- TASK STATEMENT: Omit the images, then repeat the listing exactly.

- MATERIAL PROVIDED:
....................
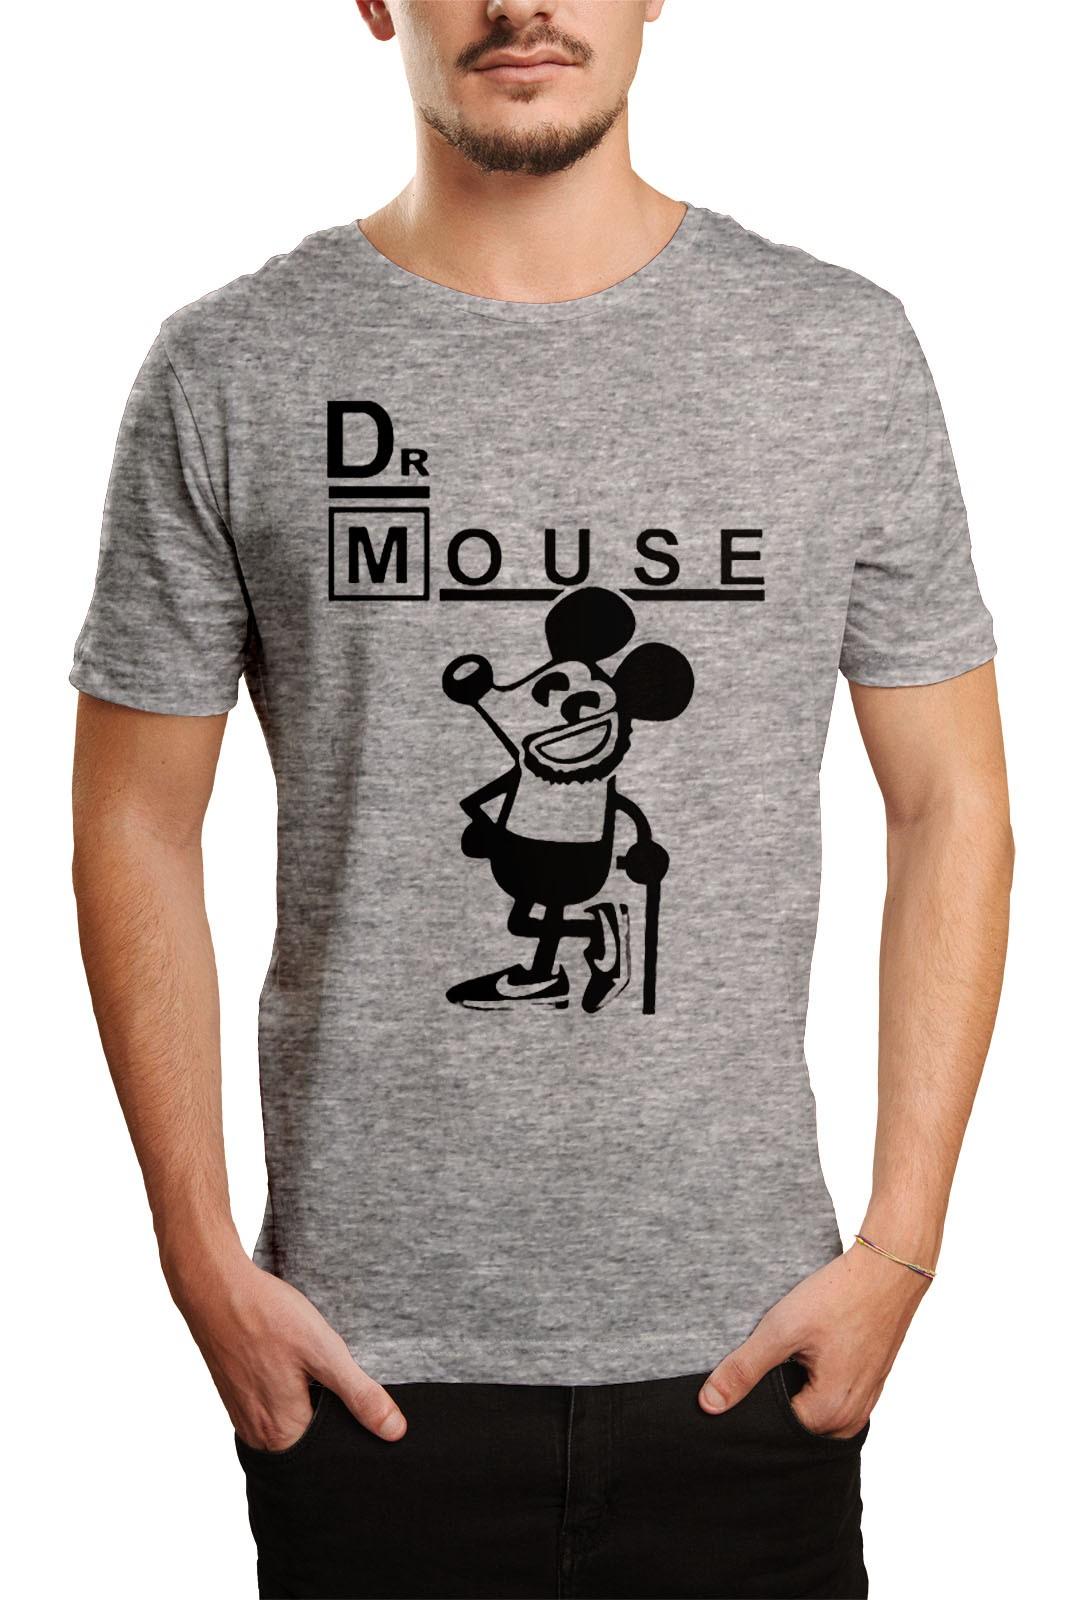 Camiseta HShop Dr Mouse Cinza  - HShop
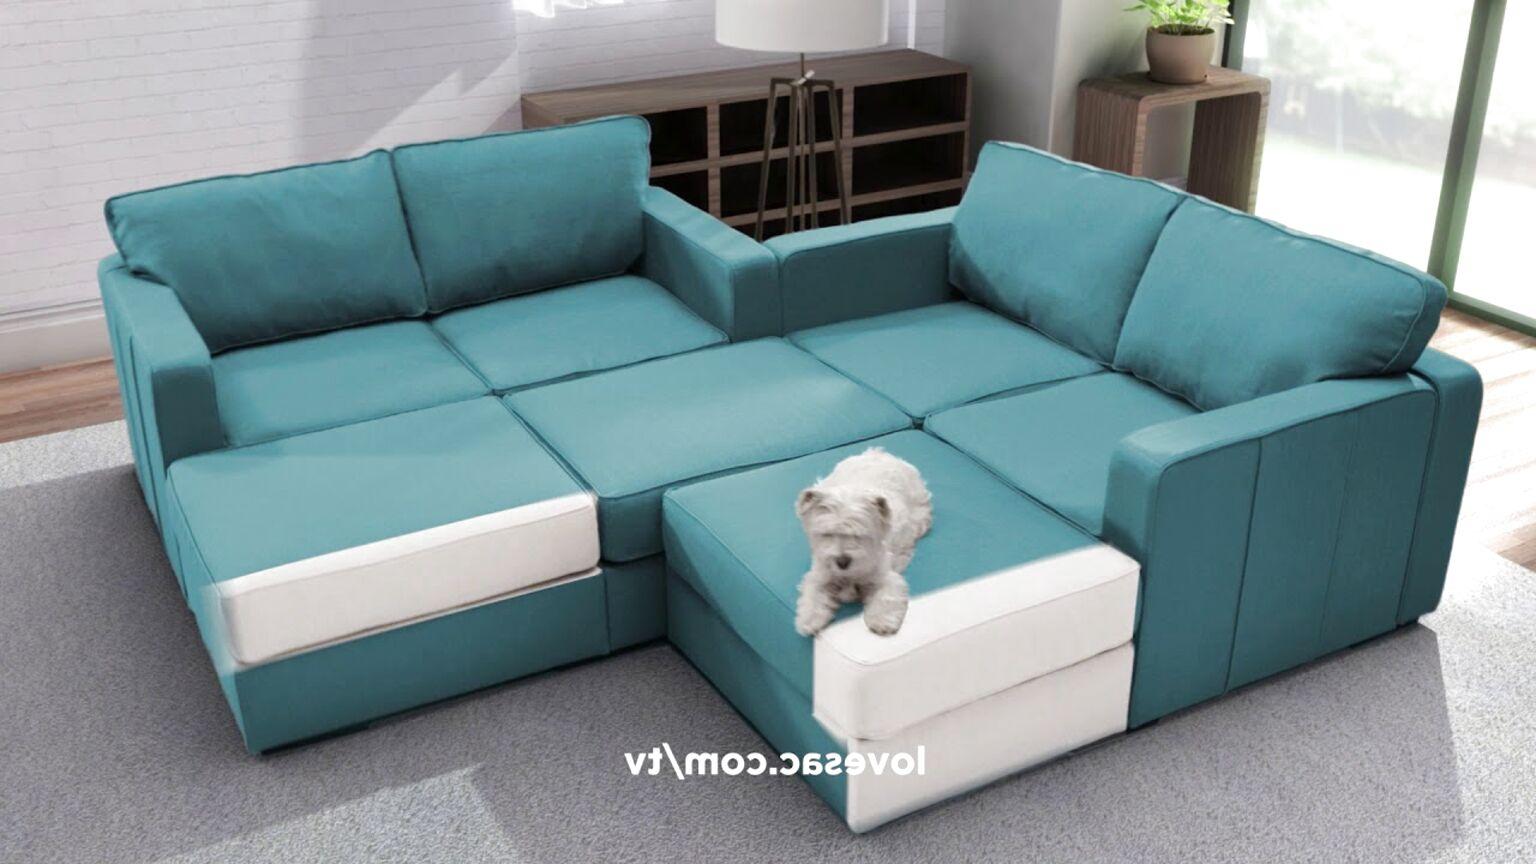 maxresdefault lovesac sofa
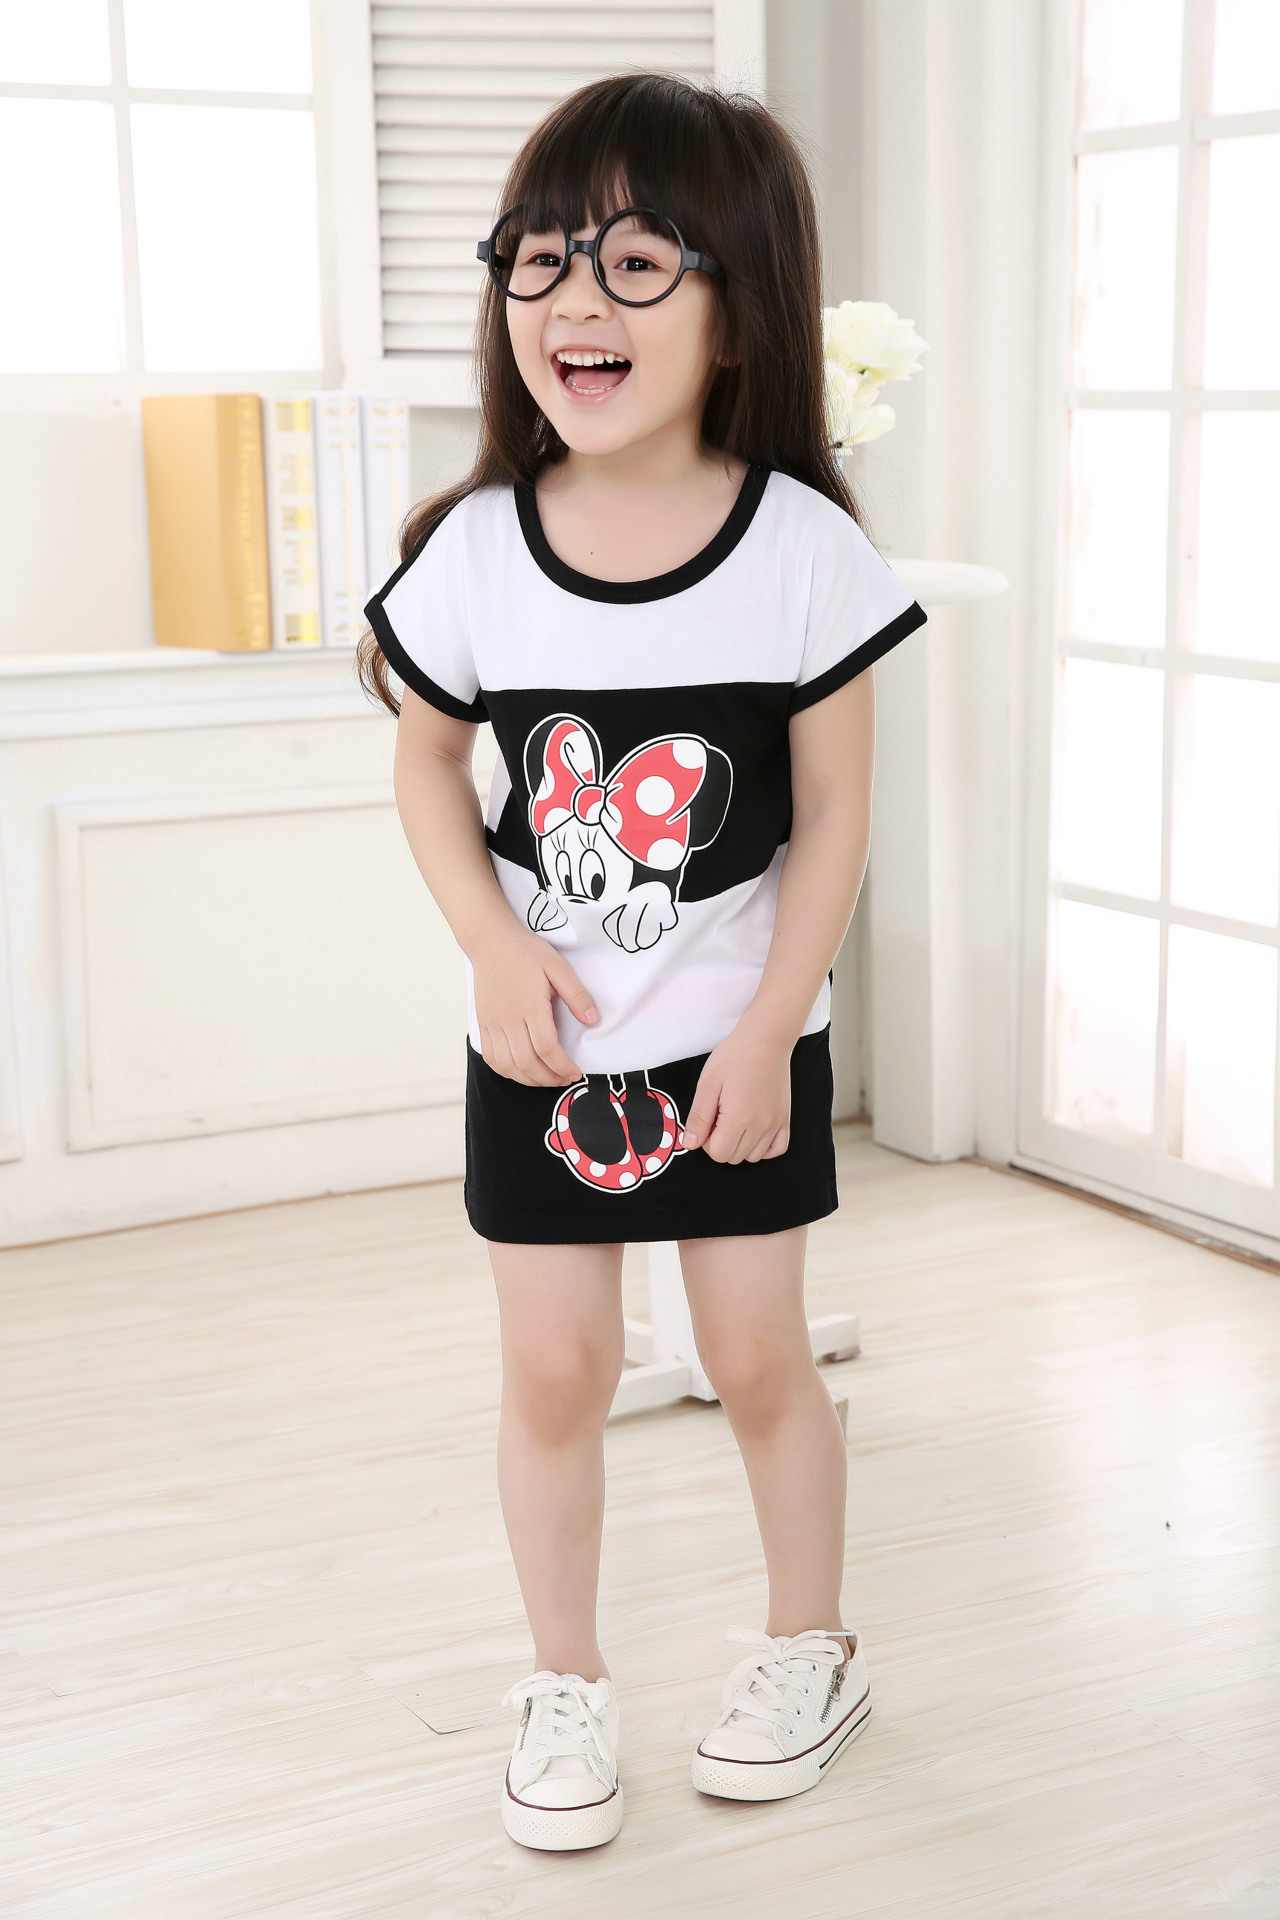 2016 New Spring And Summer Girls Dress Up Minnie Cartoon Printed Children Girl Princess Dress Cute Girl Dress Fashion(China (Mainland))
....................
- OUTPUT BELOW:
 Camiseta HShop Dr Mouse Cinza  - HShop
 maxresdefault lovesac sofa
 2016 New Spring And Summer Girls Dress Up Minnie Cartoon Printed Children Girl Princess Dress Cute Girl Dress Fashion(China (Mainland))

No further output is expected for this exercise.